16 мая 2010 года, по итогам второго Фестиваля камерной вокальной музыки им. Надежды Юреневой, в номинации «Творчество молодых композиторов» романс Василия ГОЧА «Блеск невидимого света» занял первое место. Произведение, исполненное Марией Гусевой 1 мая в Рахманиновском зале Московской Гос. консерватории им. П. И. Чайковского в сопровождении вокально-инструментального квинтета Мамеда Гусейнова никого не оставило равнодушным. Для многих слушателей синтез духовной поэзии и романса стал не только неординарным явлением, но и волнующим фактом нового объединения форм искусства.
Вообще-то первое исполнение представленного Гочем романса происходило еще в ноябре прошлого года на кафедральном концерте композиторов, в Российской академии музыки имени Гнесиных. Но уже тогда столь удивительный симбиоз музыки и смысла поразил слушателей своей необычностью. А необычность выразилась в том, что стихи Гоча по большей части нерифмованные, — белые. Видимо, прав был Пушкин, утверждавший в одном из своих дневников, что будущее принадлежит именно таким стихам. И сегодня мы видим: особый ритм и гибкость представления в них смысла замечательны нестандартными возможностями небывалого сосредоточения на тонких струнах души. Так приходит понимание иного настроя на истину, углубляющего гармонию и меняя представления о привычных жанрах.
А родился такой новый романс после того, как В. Гочем была издана небольшая, но ставшая уже дефицитной и раритетной, книжица под названием «Стихи и медитации». Откроем же ее страницы…
Перед глазами предстает образ то ли былинного седовласого старца, то ли мудрого наставника Дао, который в уединенном созерцании и размышлении о Бренном и Вечном возносится Духом к вершинам Горним:
«Пробивая вековую пыль
падает сверху тонкий луч.
Старый летописец, вздыхая,
устало заносит в толстую Книгу
свежий след, только что
нанесенный Истории…»
О тернистости пути и истории, о том, насколько трудно достижимы высокие завоевания Духа, проходящего сквозь тропы «вековой пыли», напоминают следующие затем строки:
«Не успевает Он перевернуть лист,
как ползут оттуда ядовитые побеги
дурмана и белены.
И Летописец скорбит, зная,
что каждый след взойдет скверной,
и мечтает, что когда-нибудь
Летописец напишет
На Воде…
Но кто сумеет заменить
эту Книгу Причин?»
Те, кто видел, как служители Востока рисуют красками на воде священные мандалы, — может оценить силу образа. Потому что после того, как созданы картины вечных символов мироздания, становления и кропотливых жизнеописаний, — они в тот же миг по мановению руки или под дуновением ветра растворяются, опадая цветной пылью на дно, и оставляя в забвении кропотливые старания творцов-художников.

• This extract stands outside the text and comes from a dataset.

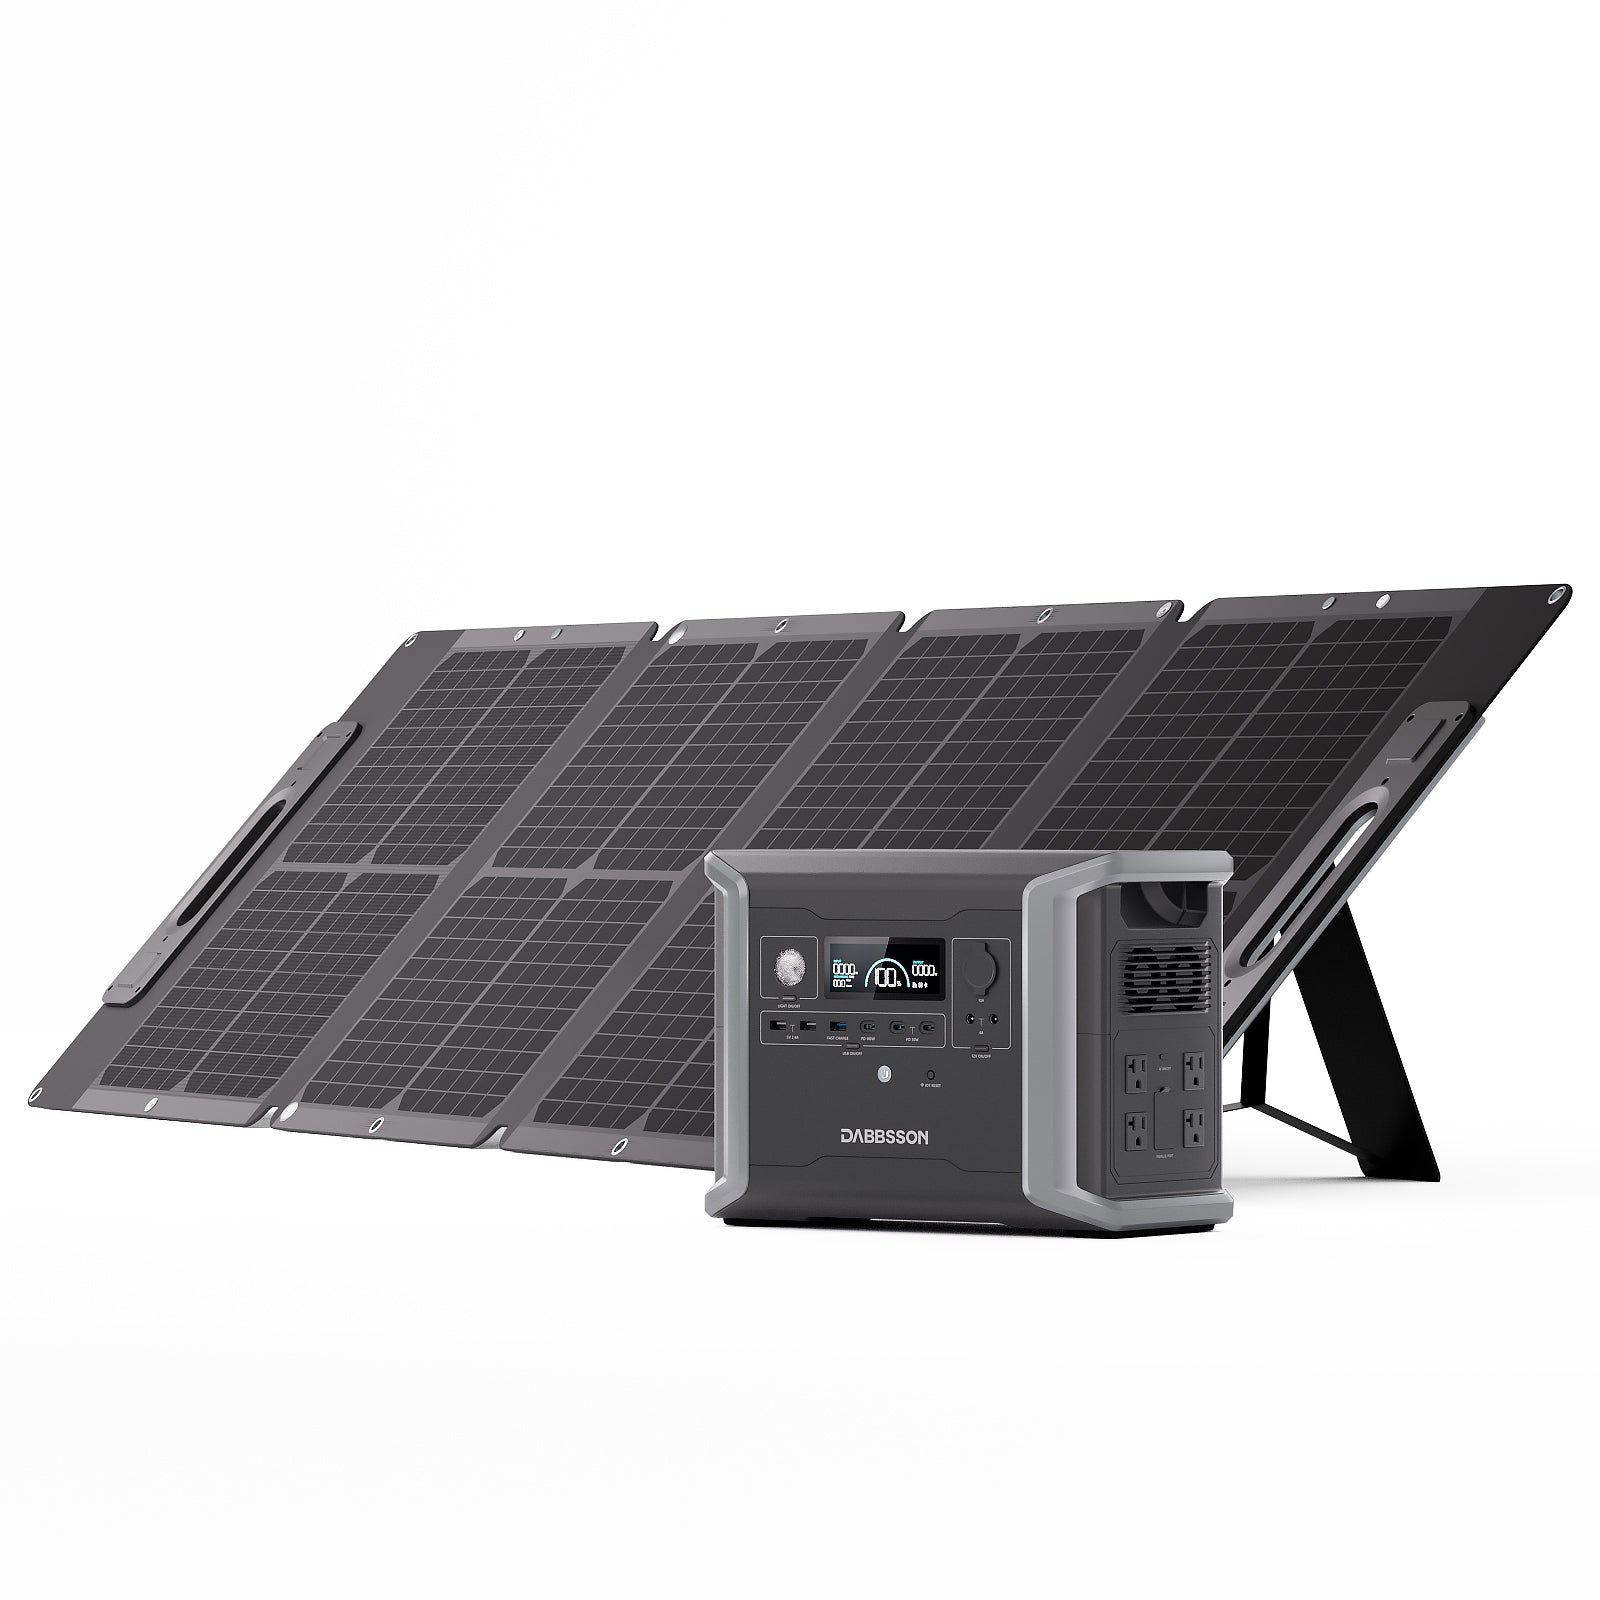 Dabbsson DBS1300 Solar Generator - 1330Wh | 1200W

К фактам «писания на воде…» начинает подходить и наука со своими высокими технологиями. Недавно японские исследователи сообщили, что, подбирая направленные частоты звука, научились оставлять видимые изображения на той же воде, которые исчезают, когда звук кончается. Но то и интересно, что стихи, зазвучавшие новым романсом В. Гоча, были написаны в сентябре 1986 года, и послужили своего рода многозначным предсказанием. А сейчас бывшие метафоры не просто материализовались, но и продолжают раскрываться в ином ракурсе познания. Правда, пока техника лишь копирует образы искусства. Но и это не оставляет равнодушным, возможно, потому, что в данном случае прокладывается путь по следам этики исканий.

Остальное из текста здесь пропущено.